Шрифт:
Интервал:
Закладка:
Он по-прежнему, всегда и везде, появляется весь в черном. Утром свистком подает сигнал к подъему, вечером расследует происшествия, если таковые были; об апартаментах его, где-то там, у ворот, ходит много невероятных слухов. По языку он – немец, но по крови – цыган (между собой мы только так и зовем его – Цыган), и это первая причина, почему он оказался в концлагере; вторая причина – то отклонение от нормы в природных наклонностях, которое Банди определил в нем с первого взгляда. Что же касается зеленого треугольника на груди, то цвет этот предупреждает о том, что Цыган убил и ограбил даму, которая была старше его и, говорят, весьма богата, а он, говорят, был у нее на содержании; так что я впервые в жизни видел собственными глазами настоящего грабителя и убийцу. Тем не менее его задача – блюсти закон, а работа – поддерживать в лагере порядок и справедливость: не очень-то это звучало логично, так все считали, и я в том числе. С другой стороны, однако, я не мог не признать, что в определенных условиях оттенки очень даже легко перепутать. Например, у меня лично больше проблем возникало с одним из помощников старосты блока, хотя он был человеком безупречной честности. Потому и голосовали за него те, кто хорошо его знал, – те же, кто выбирал и старосту, доктора Ковача (звание «доктор» здесь, как мне объяснили, означает не врача, а адвоката): люди рассказывали, что все они – из одного места, из села Шиофок, что стоит на берегу прекрасного Балатона. Этот помощник – тот самый человек, которого я сразу заметил: он рыжий, и зовут его – все знают – Фодор. Так вот: правда это или нет, но все в один голос утверждают, что Lageraltester палку или кулак пускает в ход потому, что это – по крайней мере, так народ в лагере говорит
– доставляет ему какое-то особое удовольствие, вроде того – высказывали догадку люди опытные, – которое он ищет у мужчин, у мальчиков, а иной раз и у женщин. У этого же, у помощника старосты блока, Stubendienst'a, порядок – не предлог, а настоящее условие жизни, и если он по необходимости – никогда не забывает он подчеркнуть – поступает подобным образом, то делает это исключительно в общих интересах. С другой стороны, правда, порядок, он никогда не бывает полным, и чем дальше, тем меньше. Потому и вынужден помощник старосты так часто длинным черенком своего черпака наводить порядок в очереди лезущих к котлу людей, вследствие чего ты легко можешь попасть – если до сих пор не потрудился усвоить, как полагается подходить к котлу, как подставлять миску к предназначенному для этого краю, – в число пострадавших, из чьих рук миска в два счета вылетит вместе с супом, ибо – ясное дело, и одобрительный гул у него за спиной подтверждает это – своей недисциплинированностью ты затрудняешь его работу, а значит, задерживаешь остальных, следующих по очереди; потому и стаскивает он по утрам с нар за ноги засонь: ведь за опоздание одного наказание несут, в конце концов, остальные, ни в чем не повинные. Различие – это и я понимал – следует искать, само собой, в мотивах, в различии намерений; однако в какой-то определенной точке, повторяю, такие оттенки могут и размываться, и результат, как я убеждался, с какой стороны ни смотри, будет один и тот же.

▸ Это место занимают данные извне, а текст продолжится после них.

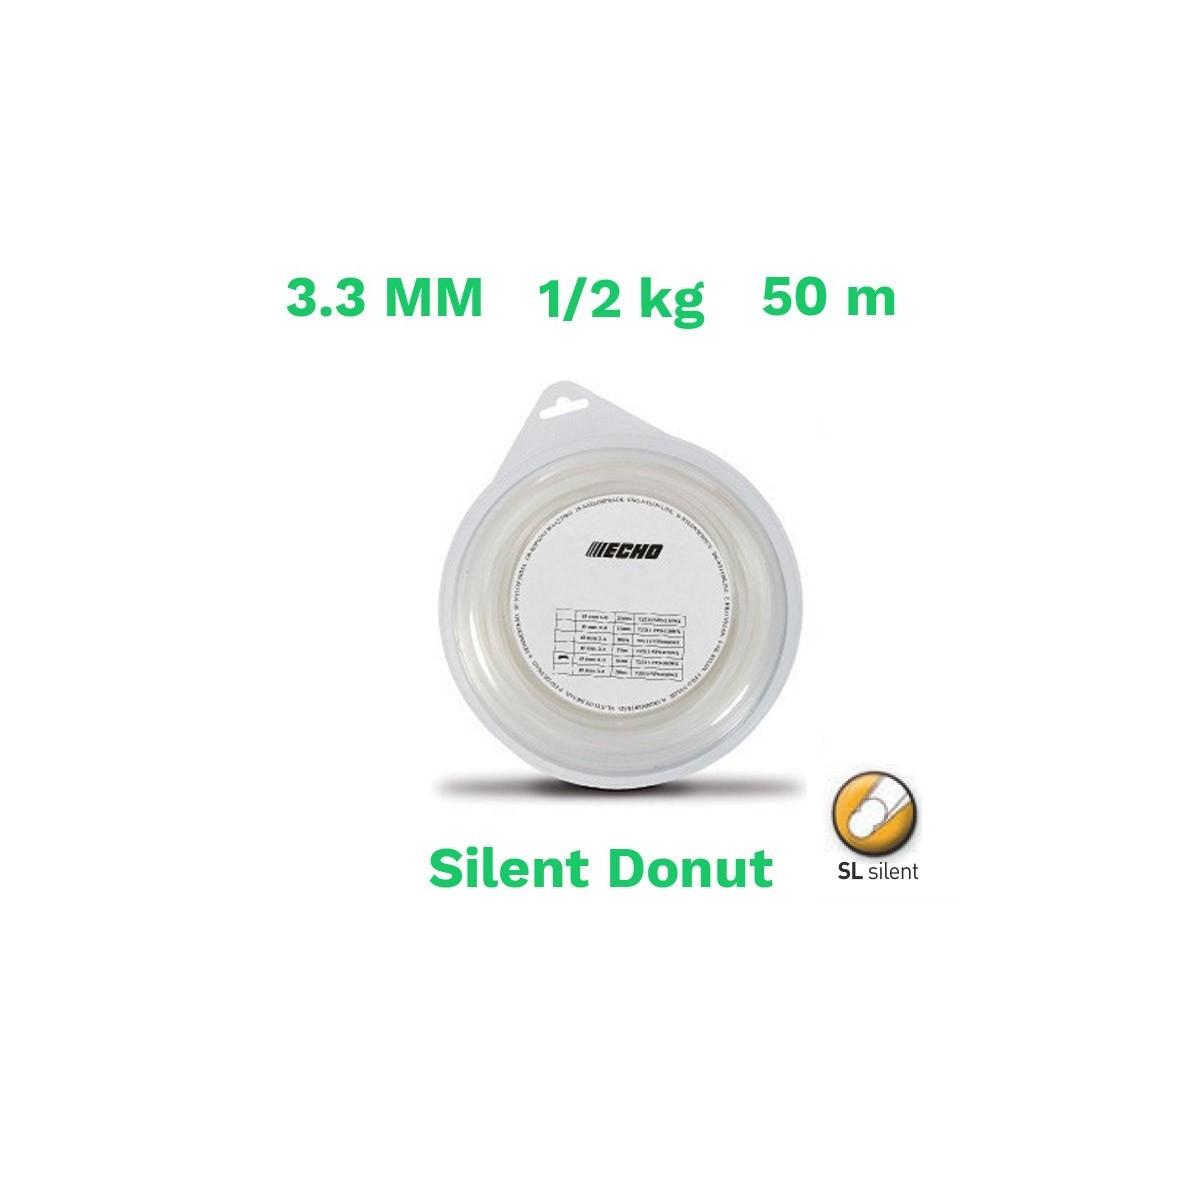 Echo hilo nylon silent donut 3.3mm 1/2 kg 50 m
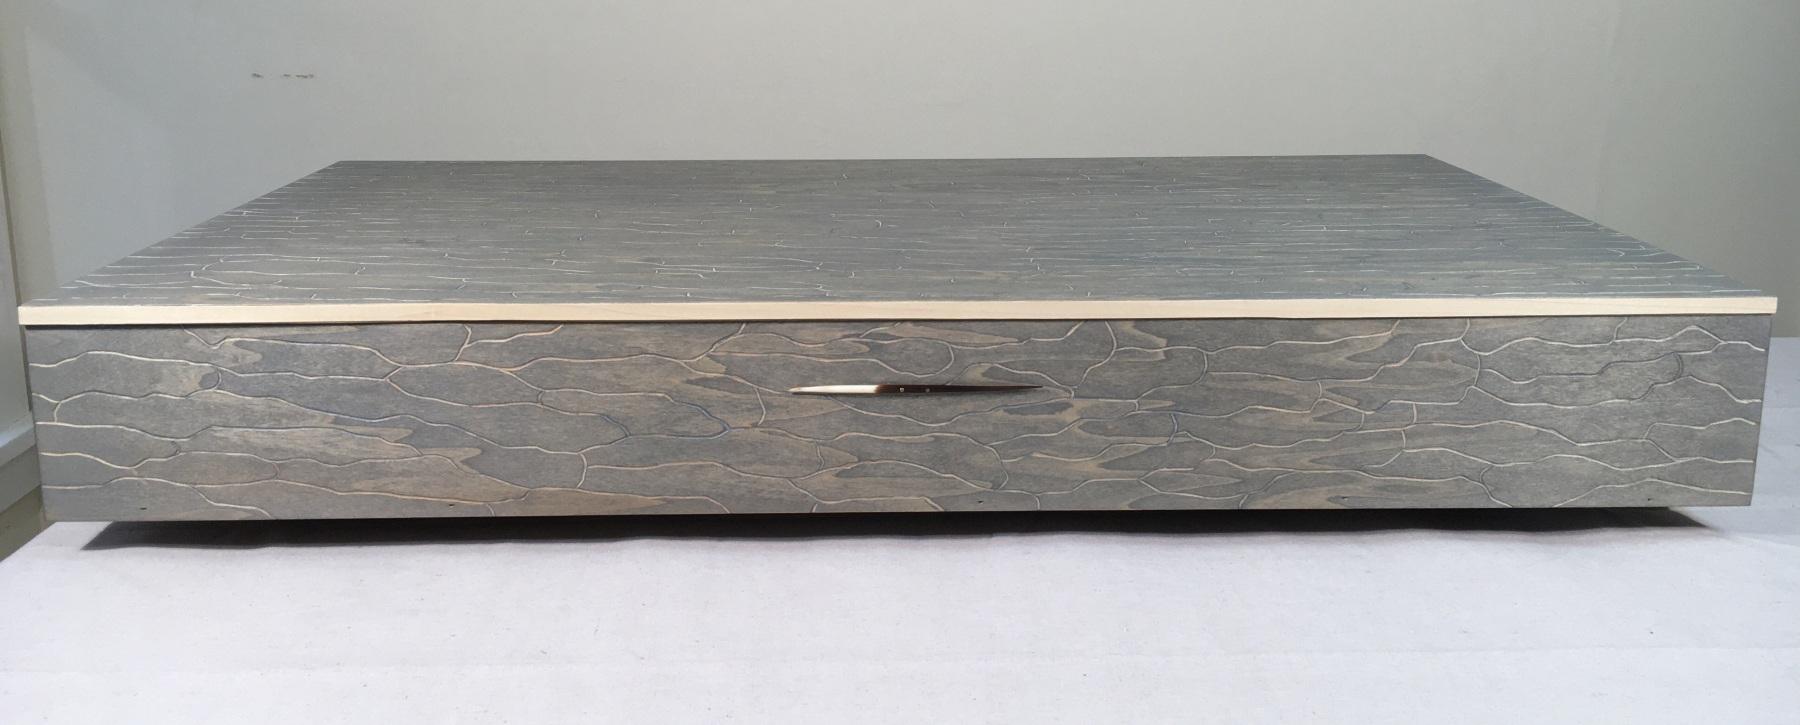 Pandora-Box-NorthAmerican-Porcupine-DangerMan.closedcropped

Кроме них, был тут, с желтой повязкой на рукаве и в полосатой робе, всегда безупречно выглаженной, еще и немец капо, которого я, к счастью, видел редко; потом, к огромному моему изумлению, и в наших рядах стали мелькать черные нарукавные повязки, на которых стояла более скромная
надпись: «Vorarbeiter»[36]. Я однажды стал очевидцем, как один обитатель нашего блока, до тех пор редко привлекавший мое внимание, да и в глазах остальных, насколько я помню, не особенно известный и не пользовавшийся уважением, хотя в общем человек довольно напористый и крепко сбитый, первый раз появился перед нами, во время ужина, с новенькой повязкой на рукаве. Однако теперь, я не мог этого не видеть, он уже не был прежним, никому не известным человеком: друзья, знакомые наперебой бросились к нему, со всех сторон к нему летели поздравления, слова восторга, пожелания успеха, тянулись для рукопожатия руки, он же некоторые принимал, отвечая на рукопожатия, другие, я видел, не замечал, и люди, отдернув протянутую руку, торопливо отходили в сторону. И лишь затем последовал самый торжественный – во всяком случае, в моих глазах – момент, когда он, окруженный общим вниманием и какой-то почтительной, даже, я бы сказал, благоговейной тишиной, с достоинством подняв голову, без всякой спешки, без признака торопливости, в фокусе удивленных или заботливых взглядов, двинулся за второй порцией,
которая отныне полагалась ему – причем с самого дна котла – по рангу и которую Stubendienst на сей раз отмерил в подставленную миску движением, выразившим некое признание равноправия.
В следующий раз те же буквы бросились мне в глаза с повязки на рукаве человека с пружинистой походкой и выпуклой грудью: я сразу узнал в нем бывшего офицера, которого запомнил еще по Освенциму. Однажды я оказался под его началом – и, должен сказать, это чистая правда: за хорошего человека он душу выложит, что же касается дармоедов и любителей загребать жар чужими руками, то пускай они не рассчитывают у него на снисхождение, как он сам заявил перед началом работы. На другой день мы с Банди постарались потихоньку перебраться в другую бригаду.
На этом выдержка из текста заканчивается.